Klicken Sie auf eine Beziehungskante, um die Sichtbarkeit dieser Kante von ausgeblendet auf eingeblendet oder umgekehrt umzuschalten.
Die Farbe der Beziehungskante wechselt je nach Sichtbarkeit nach schwarz oder grau.
Um den Auswahlmodus zu beenden, wählen Sie erneut den Menübefehl
Beziehungen.
Die Darstellung des Diagramms wechselt zurück in den Standardmodus. Die Beziehungen sind jetzt entsprechend Ihrer Einstellungen aus- oder eingeblendet.
Zusammenhang
Das Übersichtsdiagramm bietet eine zusätzliche Alternative zur oben beschriebenen Vorgehensweise zum Erfassen von Abhängigkeitsbeziehungen.
So gehen Sie vor
Selektieren Sie eines der Elemente, zu dem Sie eine Abhängigkeitsbeziehung erfassen möchten, mit der linken Maustaste.
Das selektierte Diagrammelement wird mit einem blauen Selektionsrahmen dargestellt. Auf der rechten Seite befinden sich mehrere halbtransparente Symbole, die beim Überfahren mit der Maus hervorgehoben werden – das sogenannte Karussell.
Wählen Sie aus dem Karussell das für die Beziehung passende Symbol (z.B.
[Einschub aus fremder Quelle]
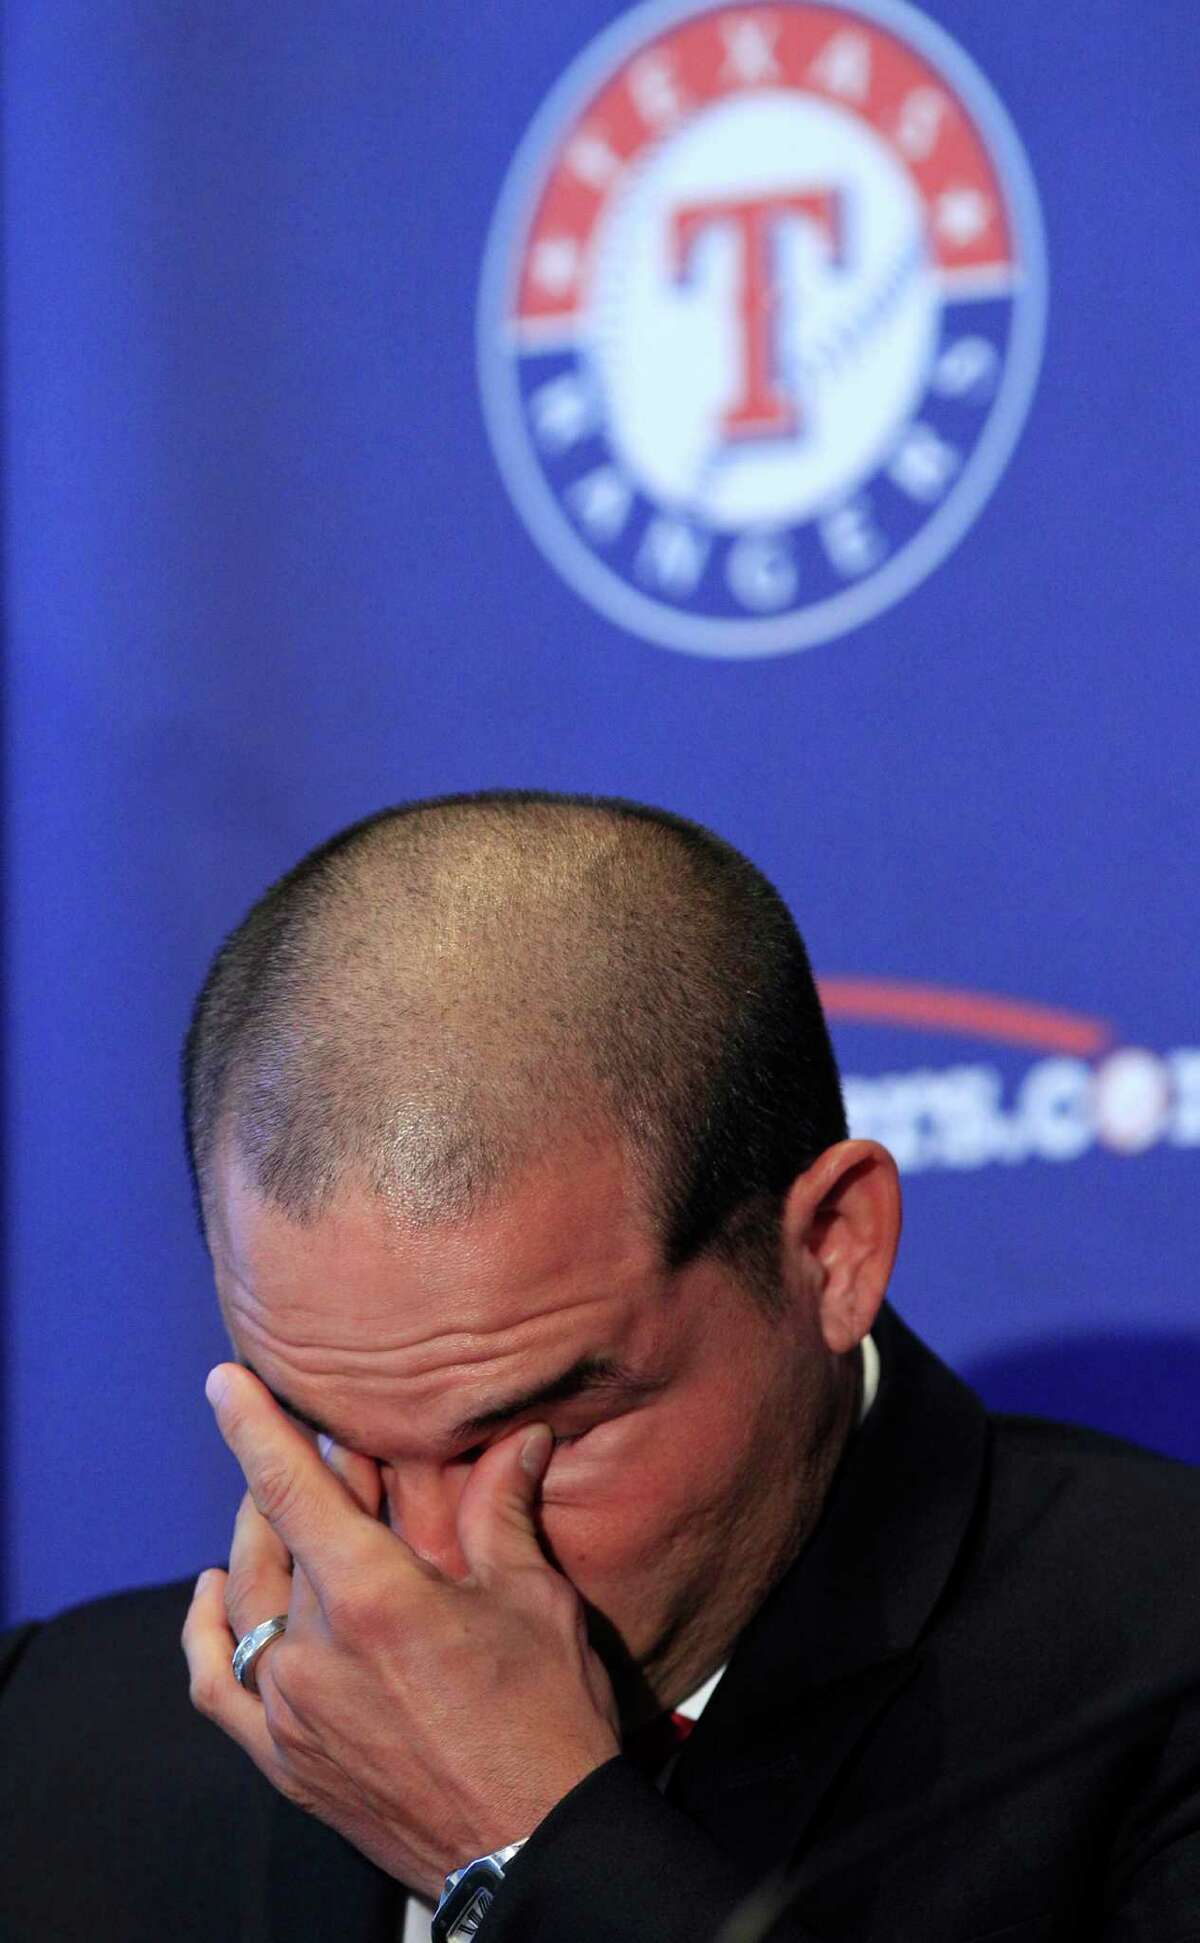 Former Texas Rangers Ivan Rodriguez fights back tears during an introduction for a news conference announcing his retirement as a baseball player, Monday, April 23, 2012, in Arlington, Texas. It came nearly 21 years after the fan favorite known as Pudge made his major league debut as a 19-year-old with the Rangers. (AP Photo/LM Otero)

Abhängigkeit und halten Sie die linke Maustaste gedrückt.
Ziehen Sie das Symbol mit gedrückter linker Maustaste in die Richtung des zu verbindenden Beziehungspartners.
Die Lage der späteren Beziehung wird beim Ziehen durch eine blaue Gummibandlinie angedeutet.
Ist das Element, über dem sich der Mauszeiger befindet, nicht als Partnerelement geeignet, wechselt der Mauszeiger in ein
-Symbol. Das Erstellen einer Beziehung der gewünschten Art ist in diesem Fall nicht möglich.
Lassen Sie die linke Maustaste auf einem Element los, dass als Partnerelement erlaubt ist.
Die gewählte Abhängigkeitsbeziehung wird zwischen dem Start-und dem Zielelement angelegt.